The discovery of induced pluripotent stem cells (iPSCs) has revolutionised the neurodegeneration field. iPSCs provide the ability to take, typically, skin cells from people with Parkinson’s, convert them into iPSCs (which have the unique property to turn into any cell type) and differentiate them into dopamine neurons. Although being the best human model available, one limitation of current iPSC approaches is that dopamine neurons do not act alone in the human brain but interact with many other cell types. Therefore, the formation of more sophisticated iPSC models, where multiple brain cell types interact and we can study those interactions, is necessary for the drug discovery process. More sophisticated models will, ultimately, identify quality therapeutic candidates to put forward for clinical trials in the early treatment of Parkinson’s. Therefore, the overall goals of Charmaine's team are:
- Build complex iPSC-derived dopamine neuron and astrocyte co-culture models of Parkinson’s including through the use of microfluidic devices
- Interrogate the differences in function and communication (whether through axonal contact or extra-cellular vesicles) between dopamine neurons and astrocytes in Parkinson’s and dementia
- Identify, screen and validate therapeutic targets through unbiased RNA-seq approaches and mechanism-based study in these complex iPSC-derived Parkinson’s models
Several targets that Charmaine has developed in the laboratory are actively moving through the therapeutic pipeline from bench to bedside. Not only will this work identify potential new therapeutic targets and disease modifying drugs to treat Parkinson’s, but it will also lead on the development of new, more relevant “in a dish” models of mixed neuron/astrocyte co-cultures for mechanism based study and drug screening purposes that could enter widespread use.

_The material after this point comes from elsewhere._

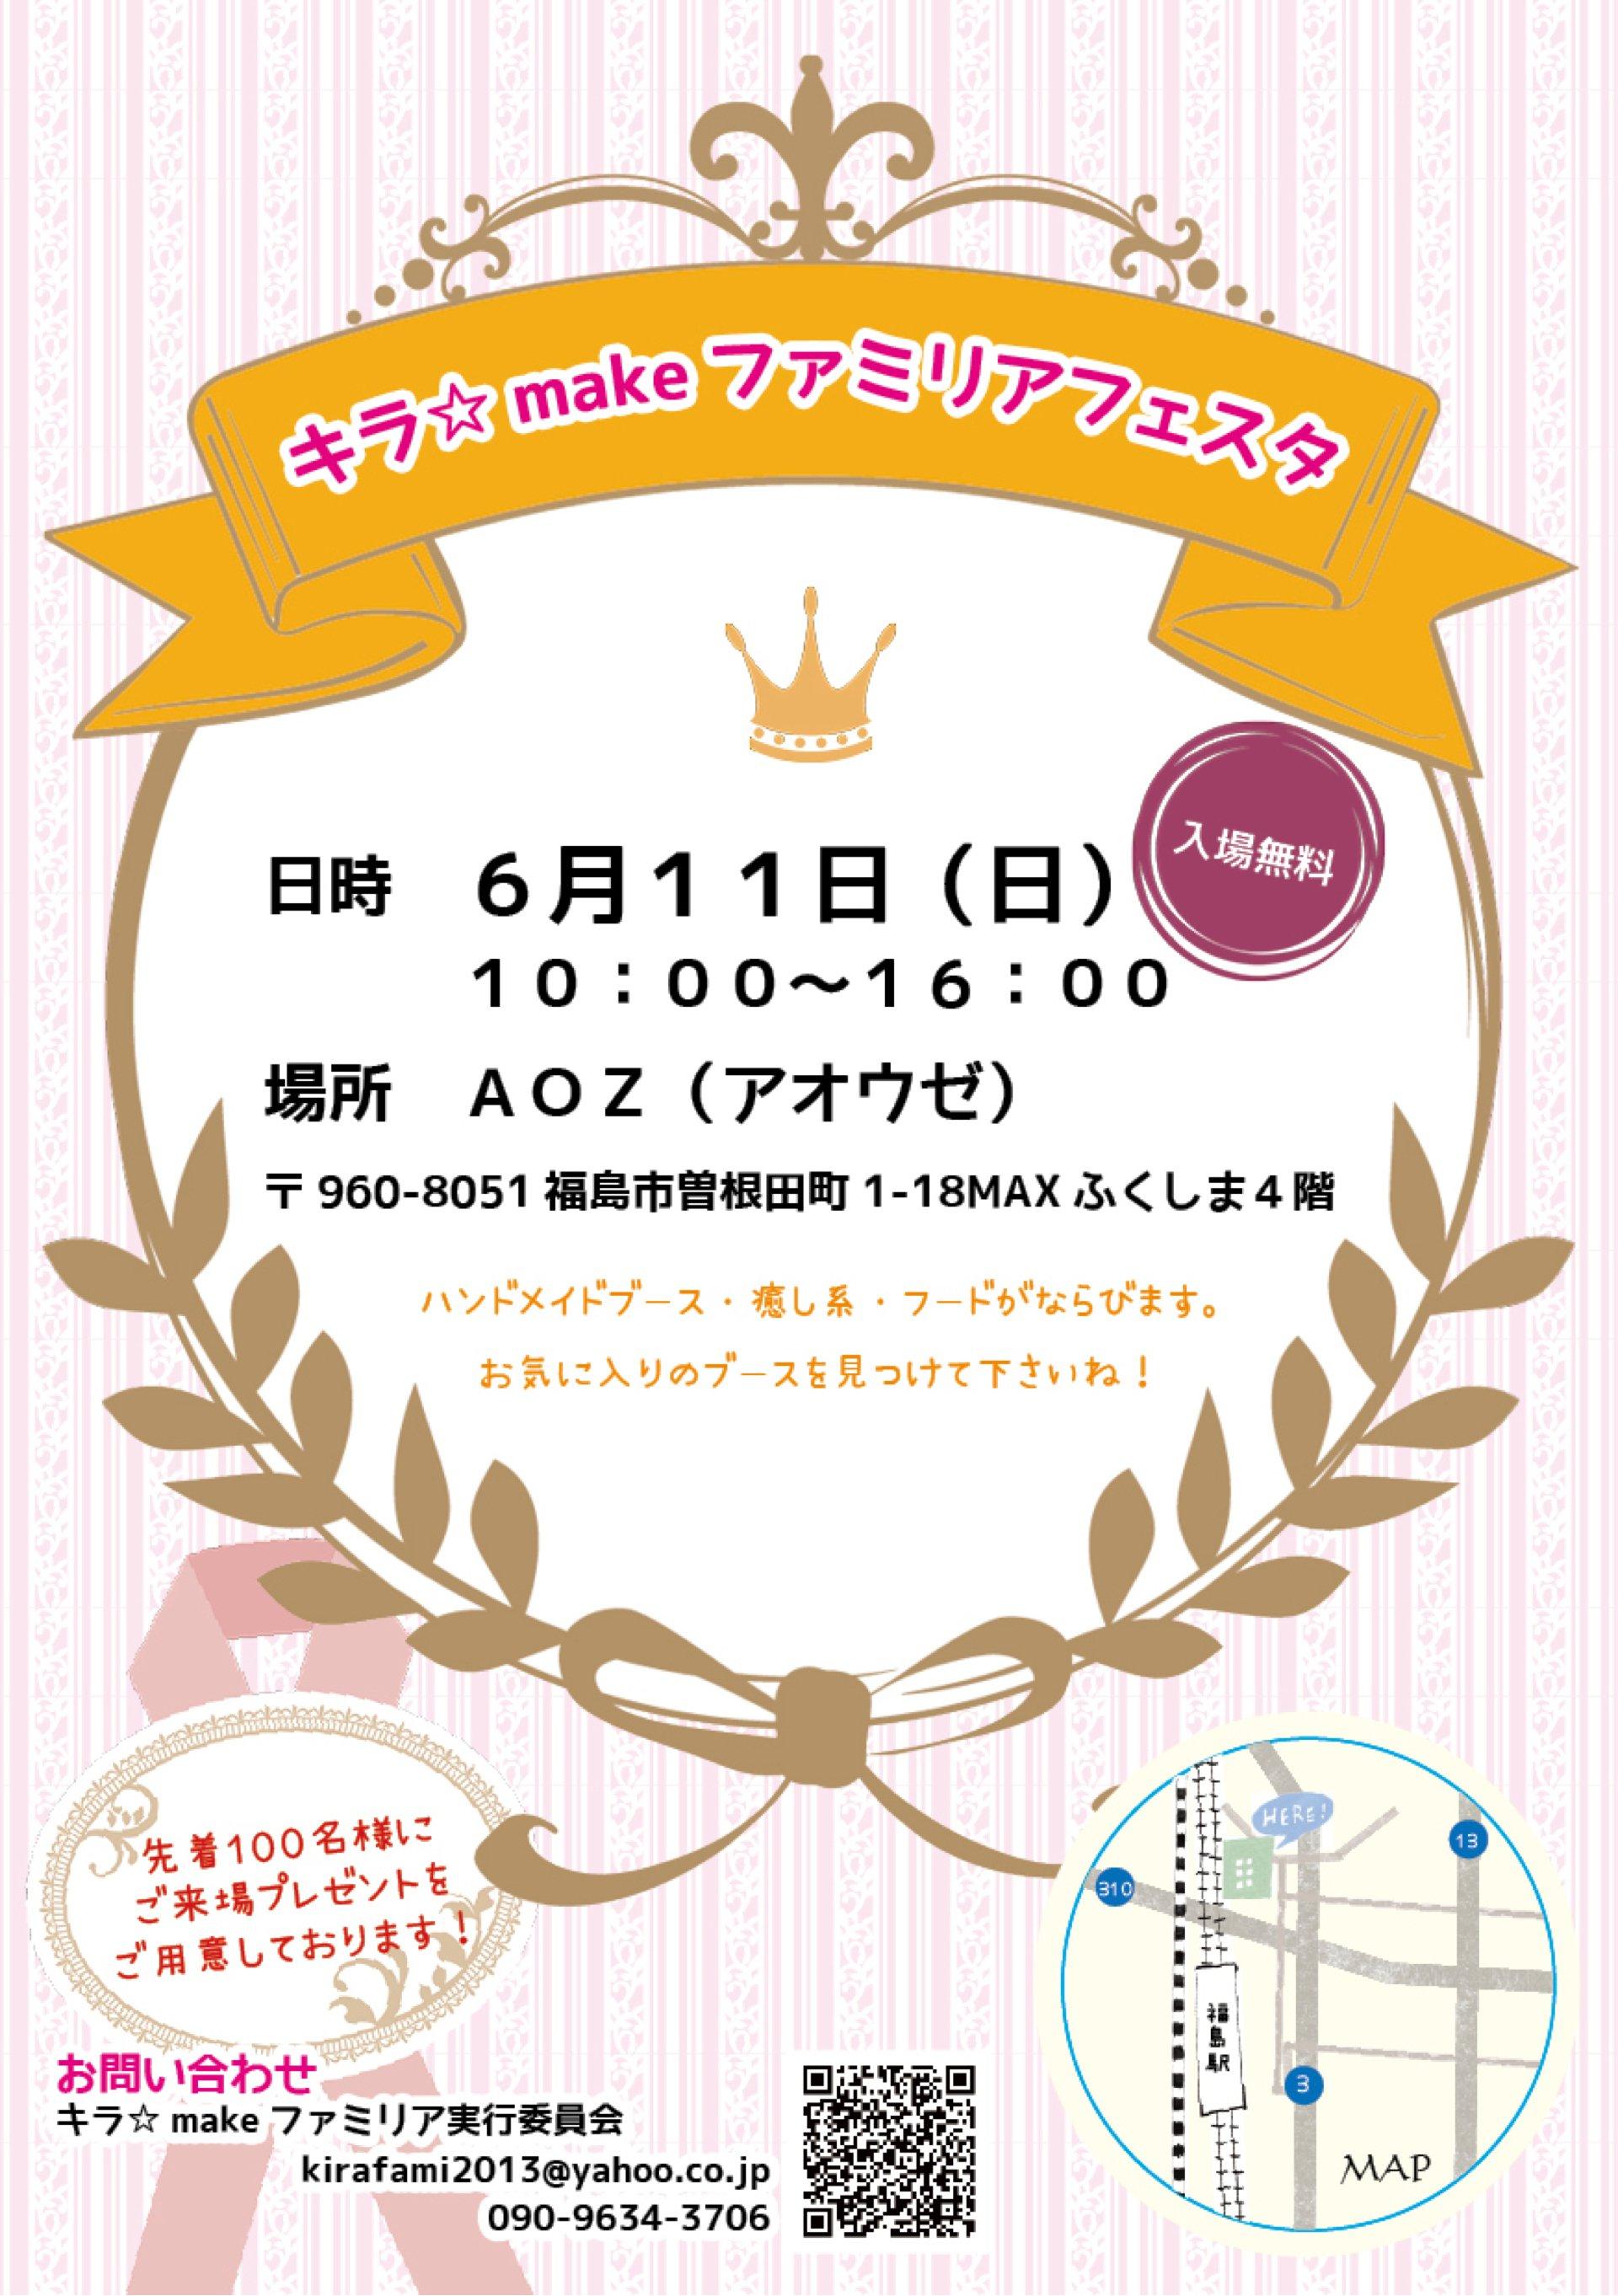 福島市のイベントサークル キラ☆makeファミリア

Charmaine, originally from Sydney, Australia, obtained her undergraduate degree, a BSc (Hons I), from the University of New South Wales (UNSW). She then pursued a PhD at the Garvan Institute of Medical Research, working in the Parkinson’s and neurogenomics lab, where she investigated the relationship between alpha synuclein and mitochondrial dysfunction in Idiopathic Parkinson’s. After completing her PhD, Charmaine moved to Oxford for a post-doctoral position in the Richard Wade-Martins lab. She led the optimization of protocols for the differentiation of induced pluripotent stem cell (iPSC)-derived dopamine neurons and astrocytes. Recently, Charmaine was granted a Parkinson’s UK/Rostrees Trust Senior Research Fellowship to create and develop her own team focused on using these complex iPSC-derived dopamine neuron/astrocyte co-culture models to advance understanding of dopamine neuron astrocyte communication in Parkinson’s and to discover new therapeutic targets of interest.